I have lived on Vancouver Island for 4.5 years/maybe 5. I was told that it takes a couple years to really settle in here but I have yet to feel truly at home.
about 6 months ago my husband, our two kids and I moved into a lovely home. Small, we rent, have a water view and its close to a lot of stuff. Its really nice but we had no one really to share it with. Our neighbors are the greatest people. Sweet, sincere and would give you the shirt off their backs if they could. They are also JWs and so we cant share so much of lifes special times with them, it has been hard. We have another great friend who we have over for dinner and a movie often but he has no children and no steady girlfriend. So off to church we went, hoping to meet some nice people who had kids, shared our values and could celebrate the holidays with us! For about two months we where always welcomed warmly at the door of our neighborhood Pentecostal church. We would sing/sit and listen and an hour and maybe 15 minutes later we would leave. Its been about 5 weeks or more since we left and not one soul has called us. All the time we where there no one invited our children for play-dates, no one exchanged numbers with us or asked us much about who we where. We left sort of unseen. I tried to talk to people but I felt almost like we where outsiders and no one wanted to take the trouble to really welcome us and allow us to be a part of their church family. I almost wonder if they are glad we left! In any case I said enough was enough.

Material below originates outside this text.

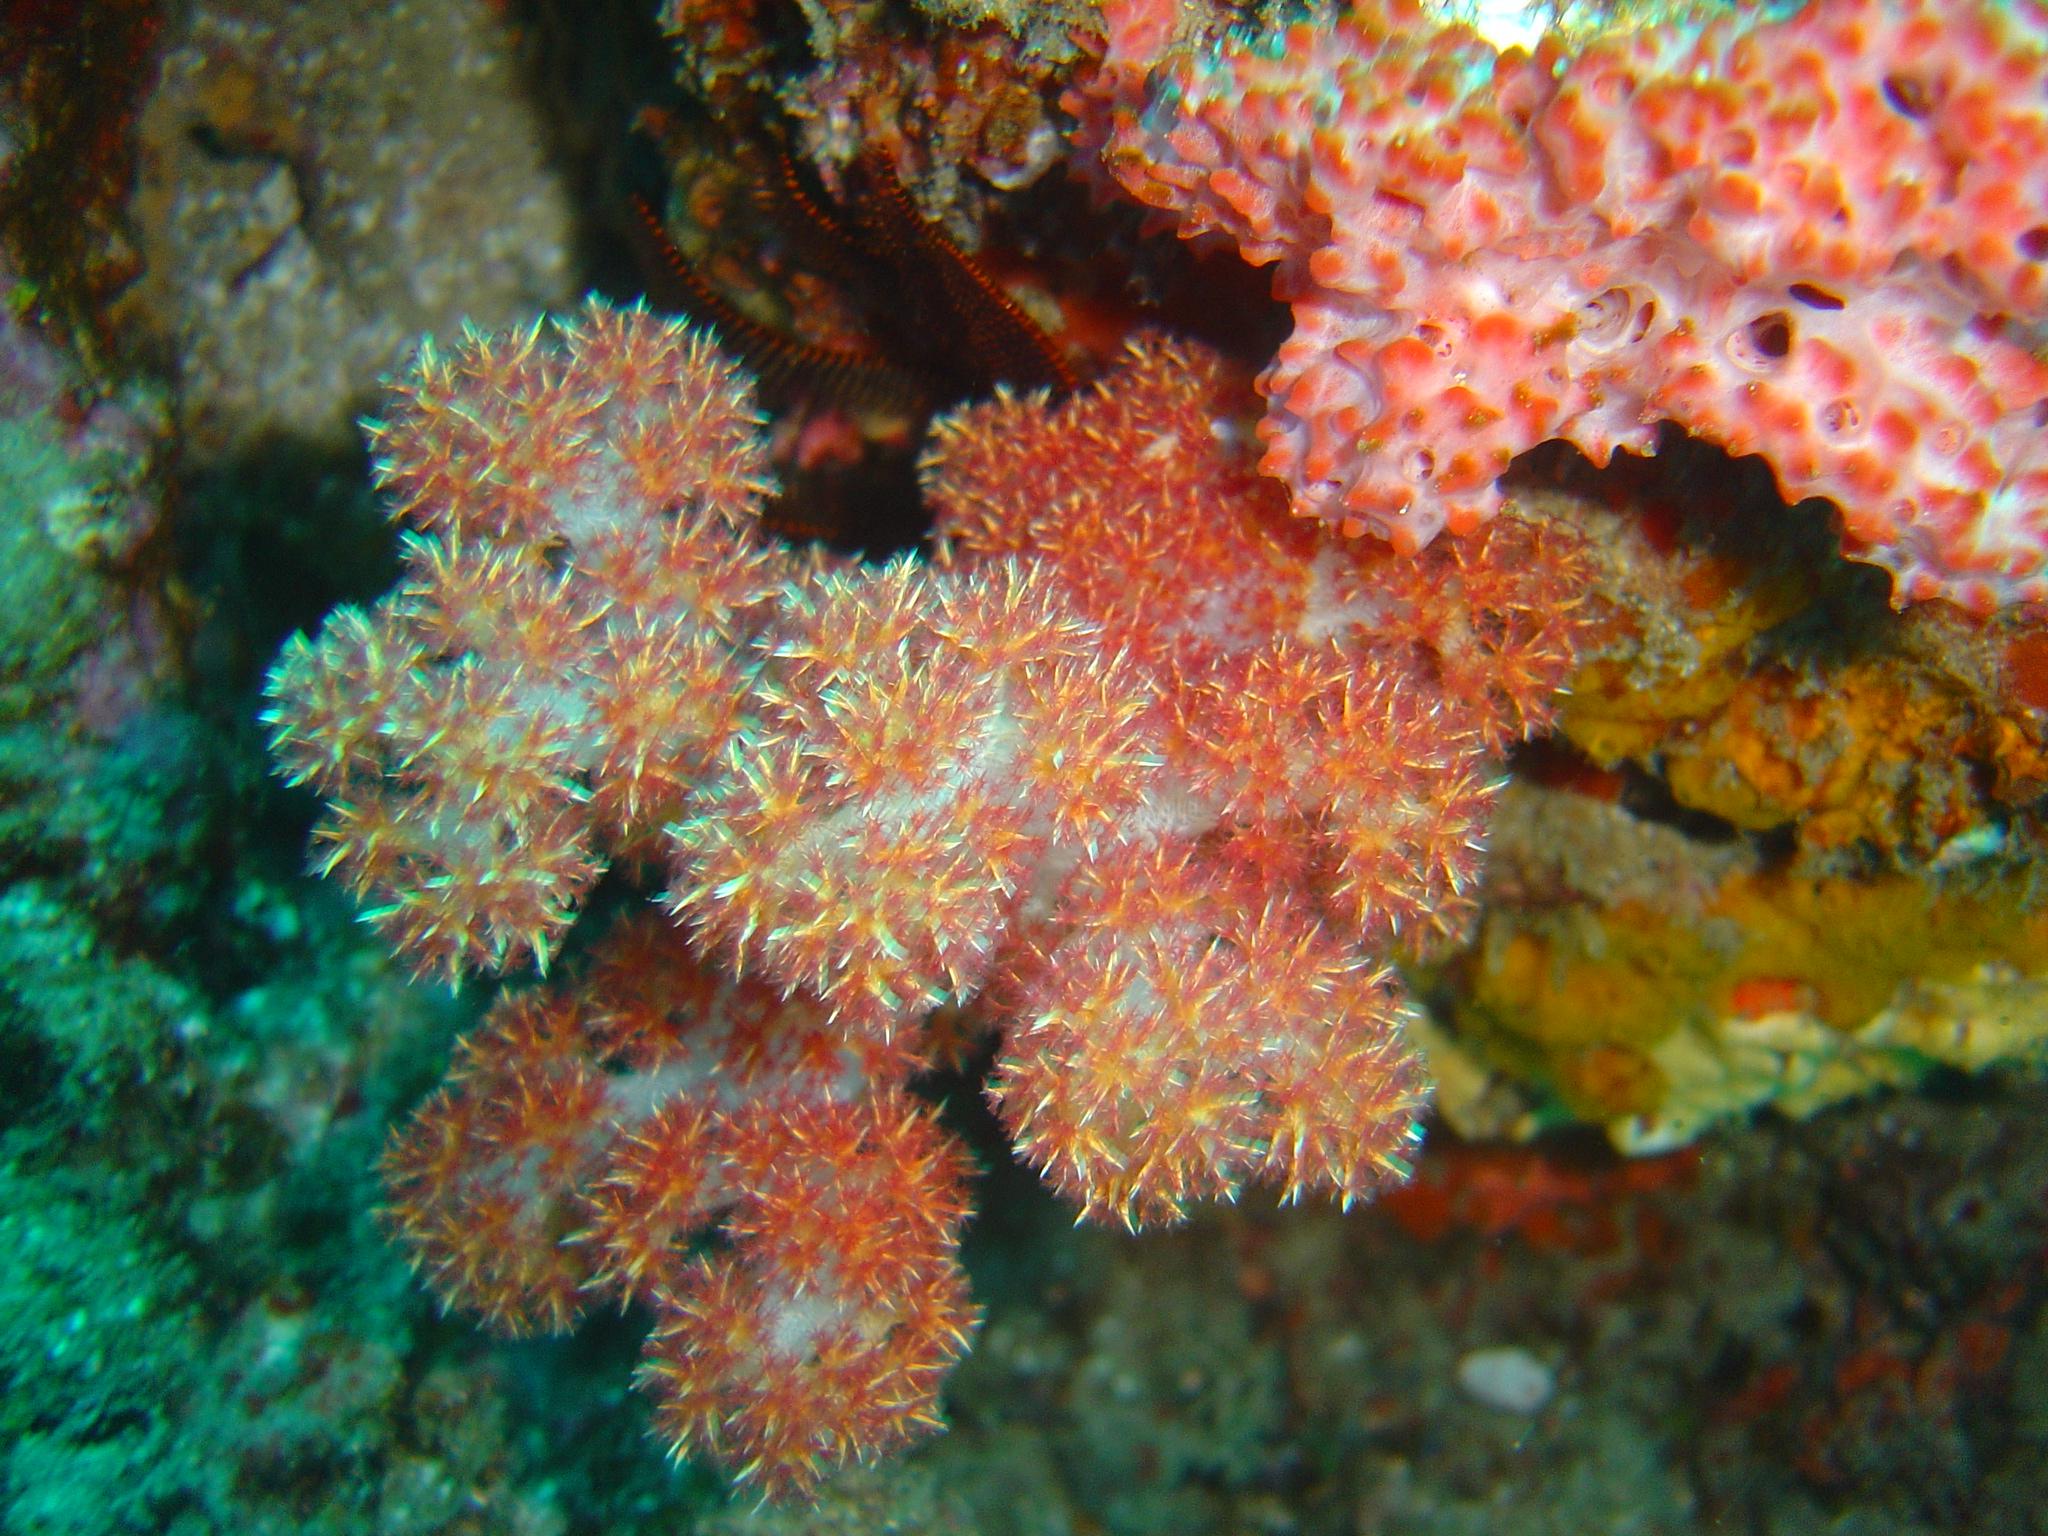 Description Thistle soft coral at Batfish pinnacle dsc04309.jpg

I have wanted to try an LDS church for so many years and if the church type I grew up in was not welcoming I knew God would not blame me for looking elsewhere to have fellowship with him. I proposed it to my husband and he surprised me a few days later by saying he was open to trying.
I am feeling called this way. Sensitive to the things in this world that are not right. I am so excited but I am so afraid of rejection. I wouldn't know where to go if this didn't work out. My kids deserve this.